▶ EXERCISE DESCRIPTION: The reply should consist solely of the lines from the one with "Japan season s" through the final line of the listing, copied exactly, with no pictures.

▶ DATA EXTRACT:
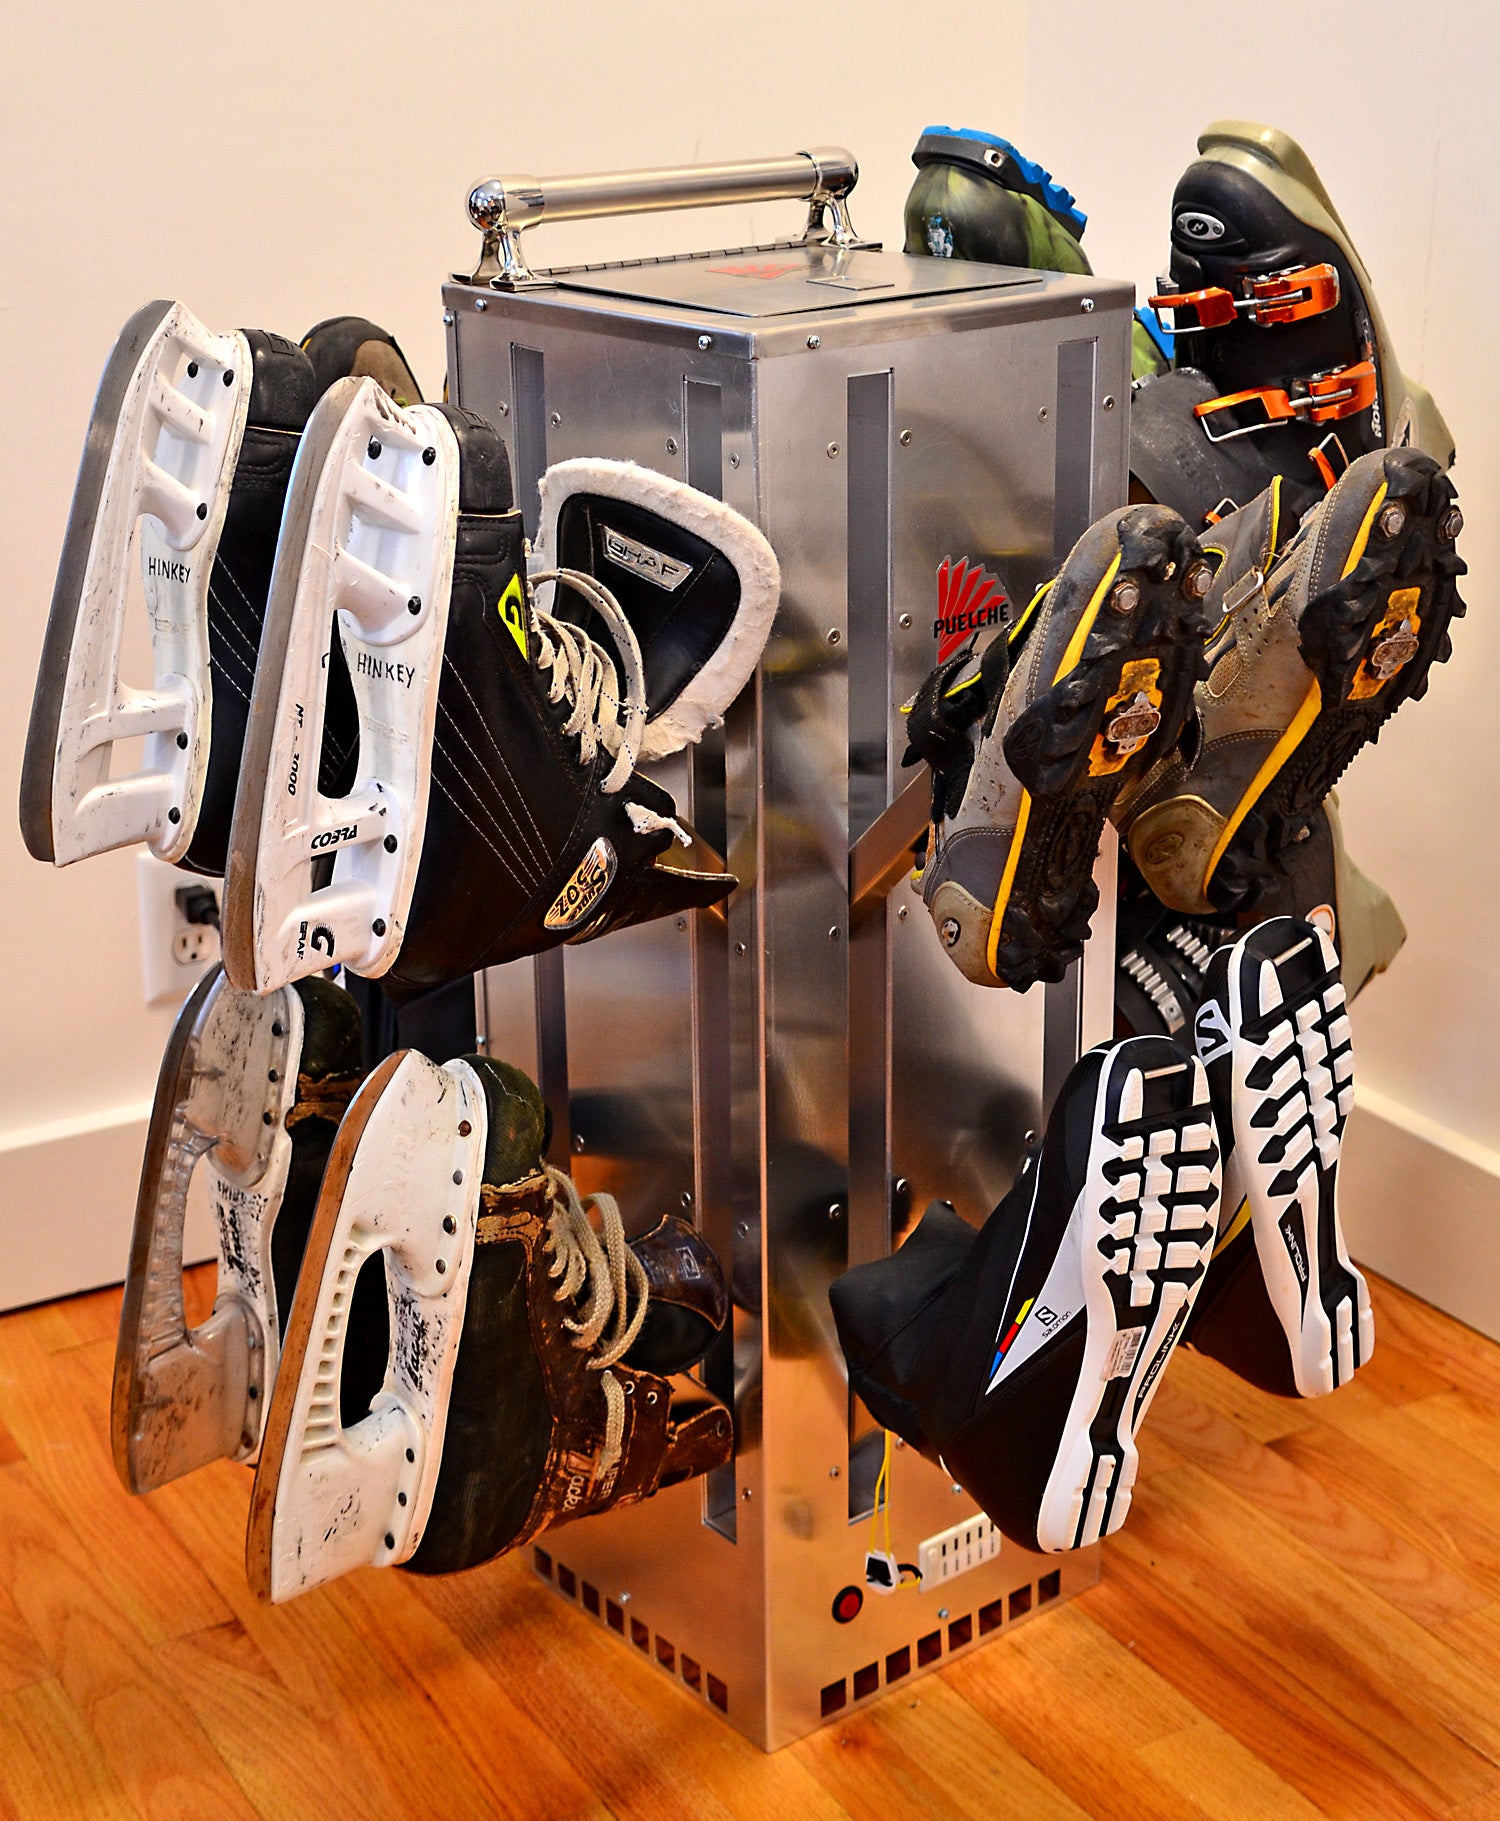 Hockey Skate & Glove Dryer Racks
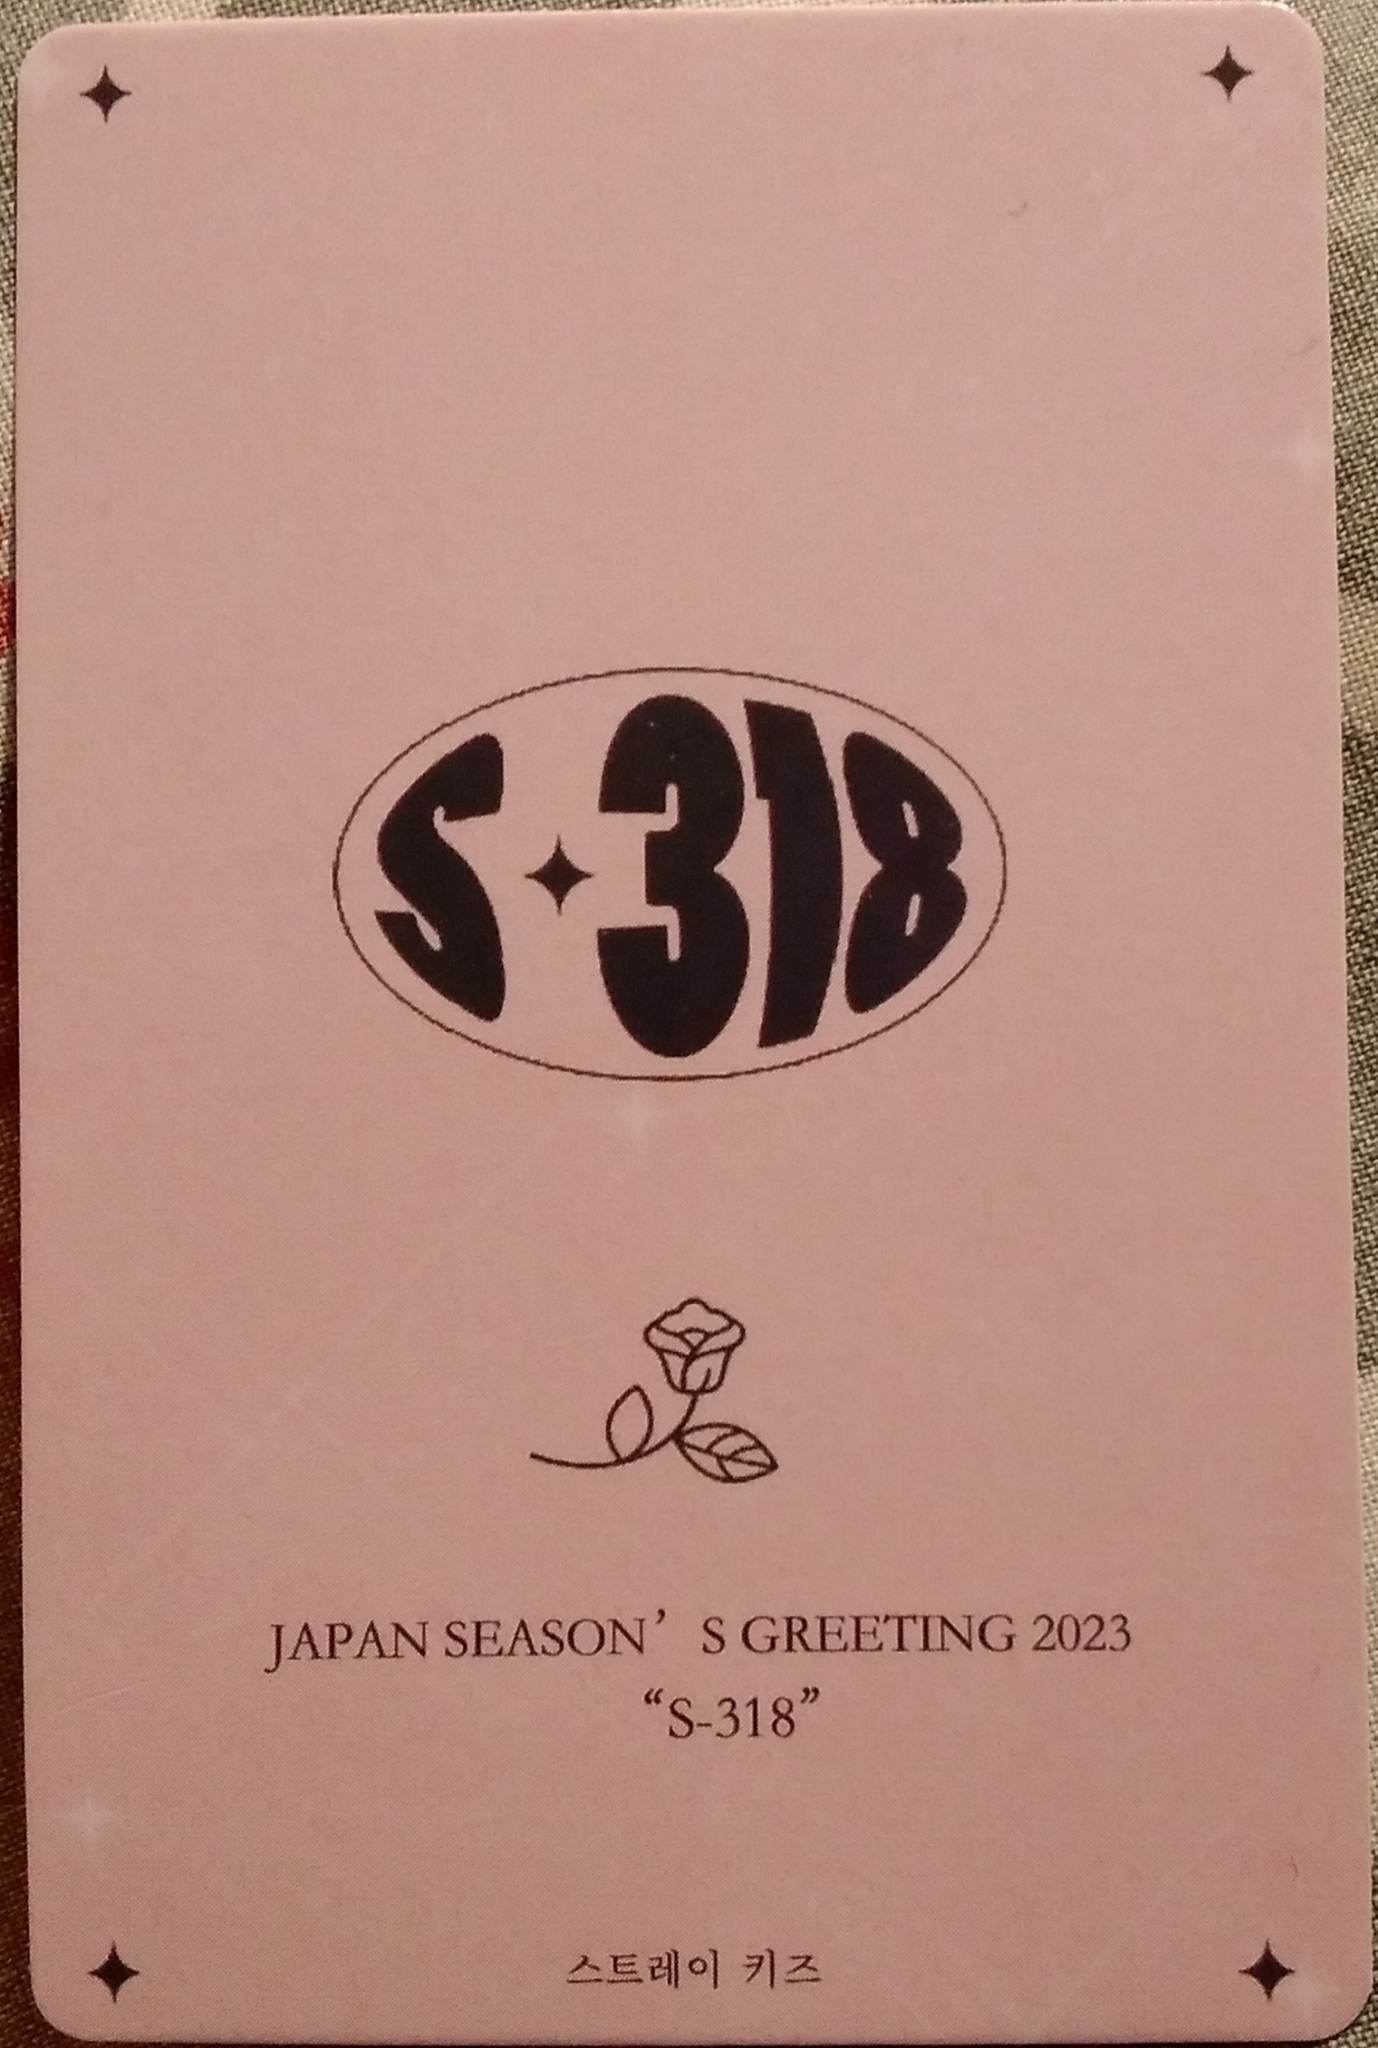 Photocard  STRAYKIDS  Japan season s greetings 2023  "S-318"  Seungmin
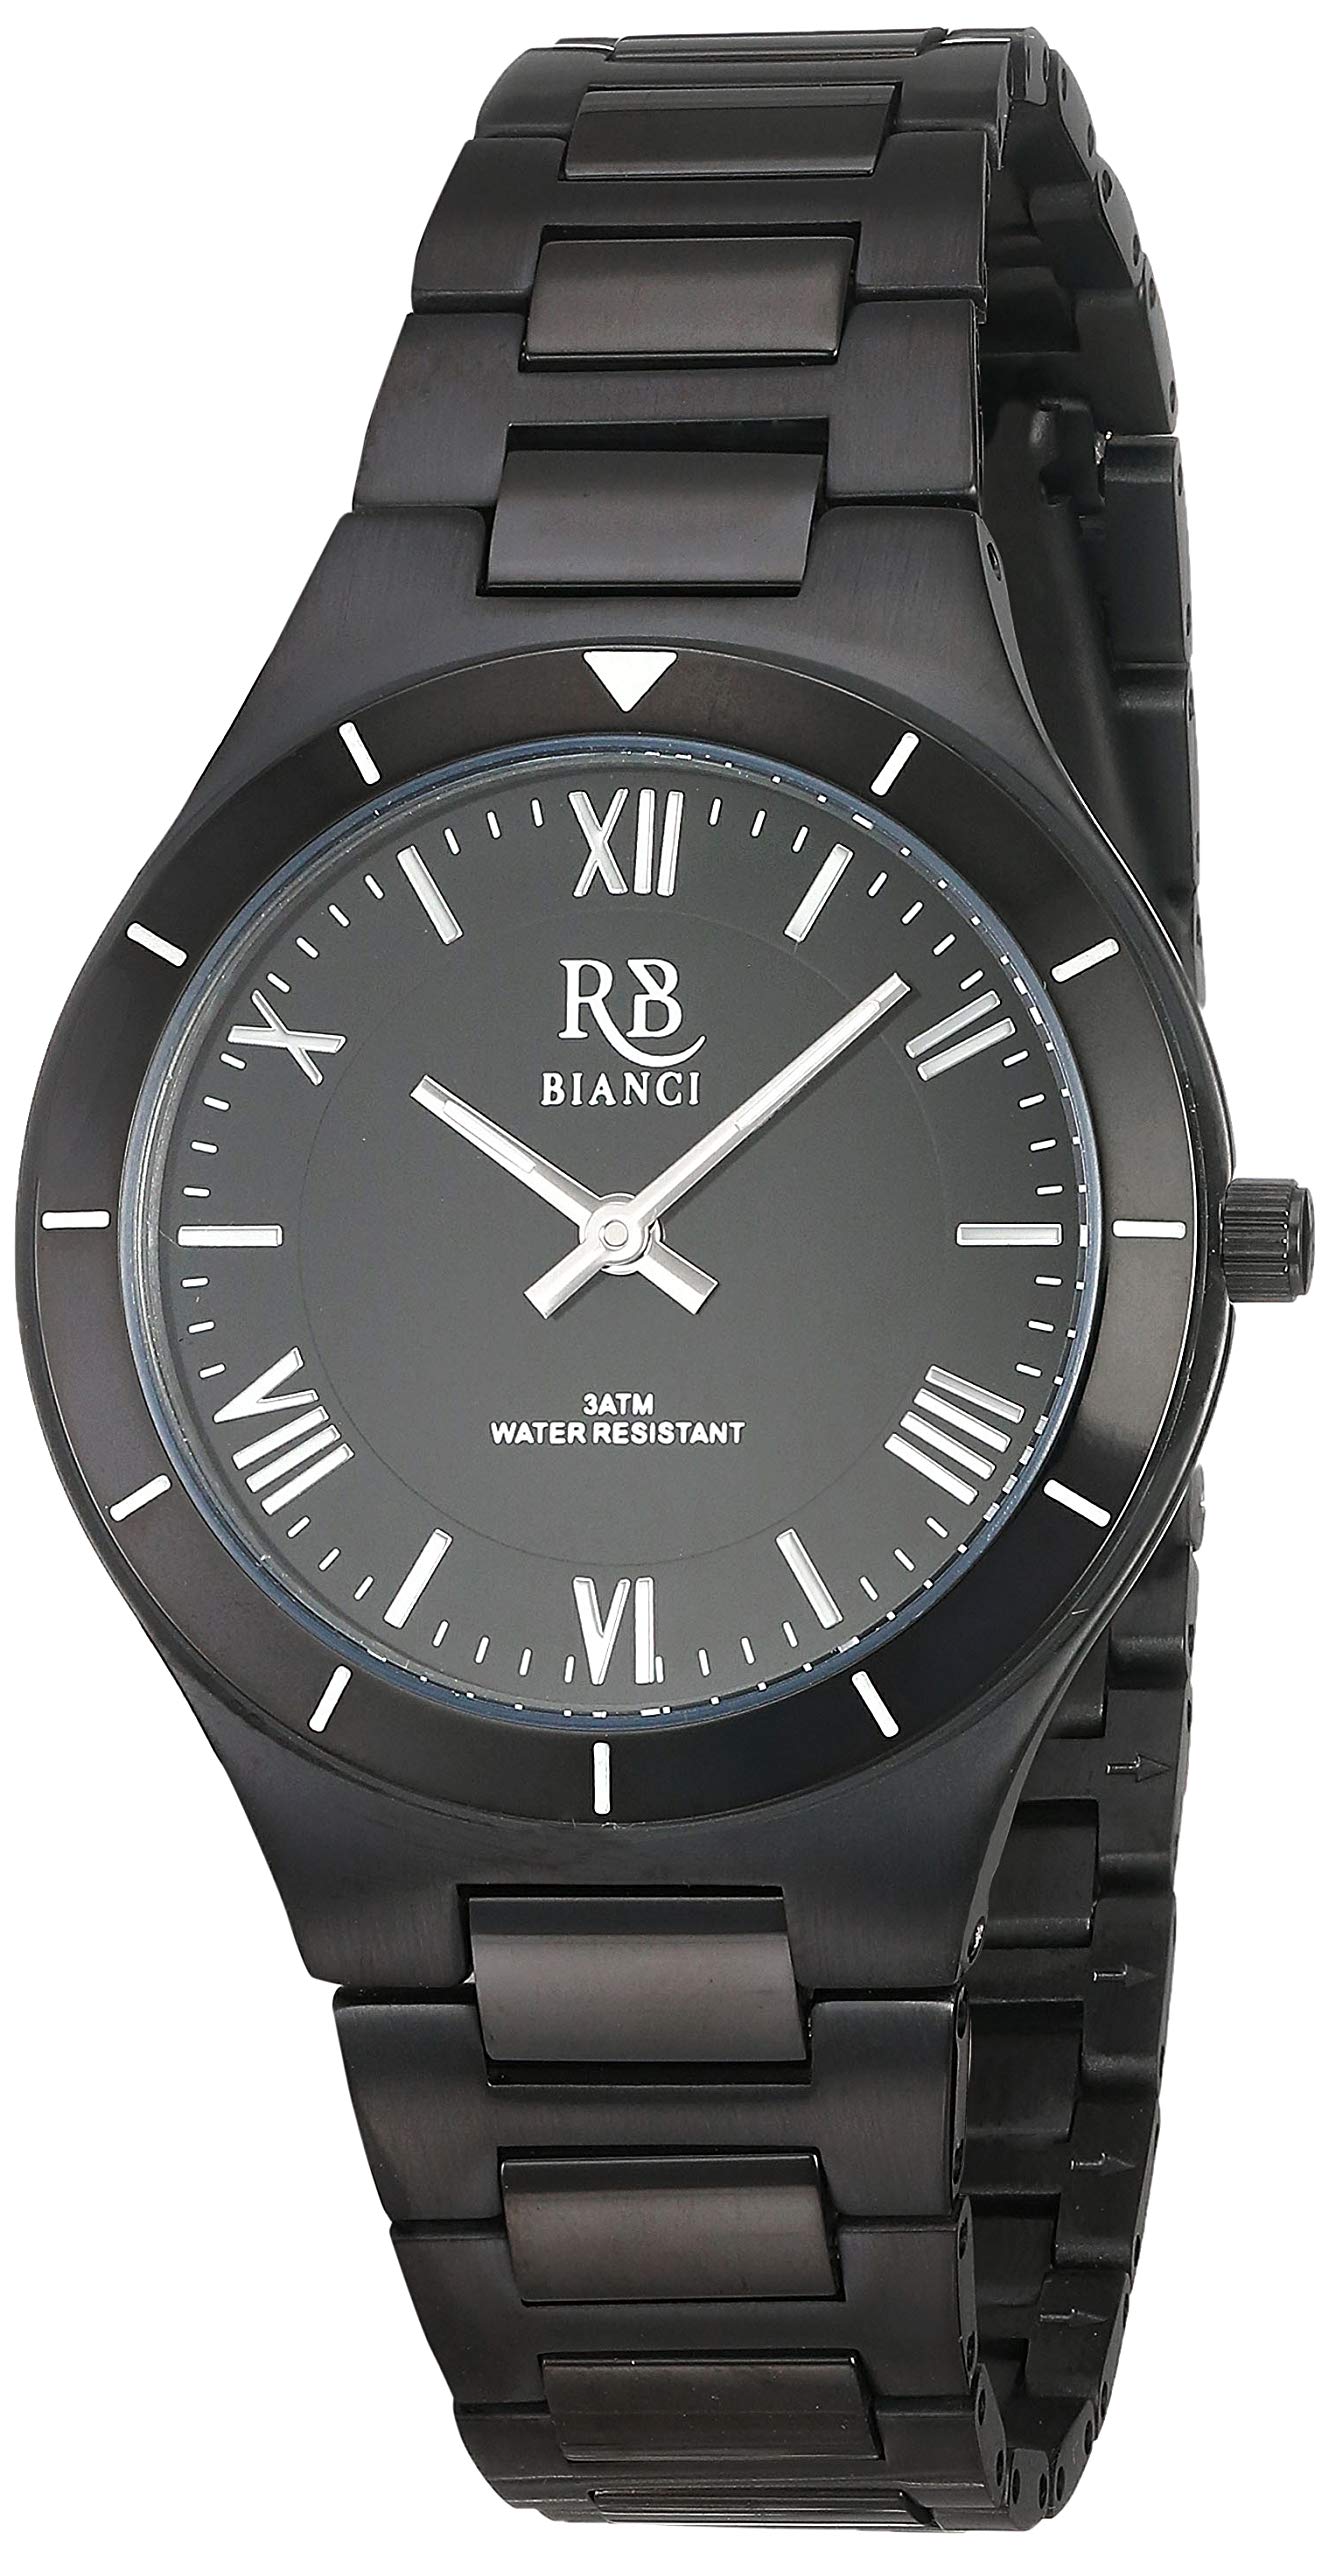 ROBERTO BIANCI WATCHES Women's RB0410 Eterno Analog Display Quartz Black Watch

▶ ANSWER TO THE EXERCISE:
 Photocard  STRAYKIDS  Japan season s greetings 2023  "S-318"  Seungmin
 ROBERTO BIANCI WATCHES Women's RB0410 Eterno Analog Display Quartz Black Watch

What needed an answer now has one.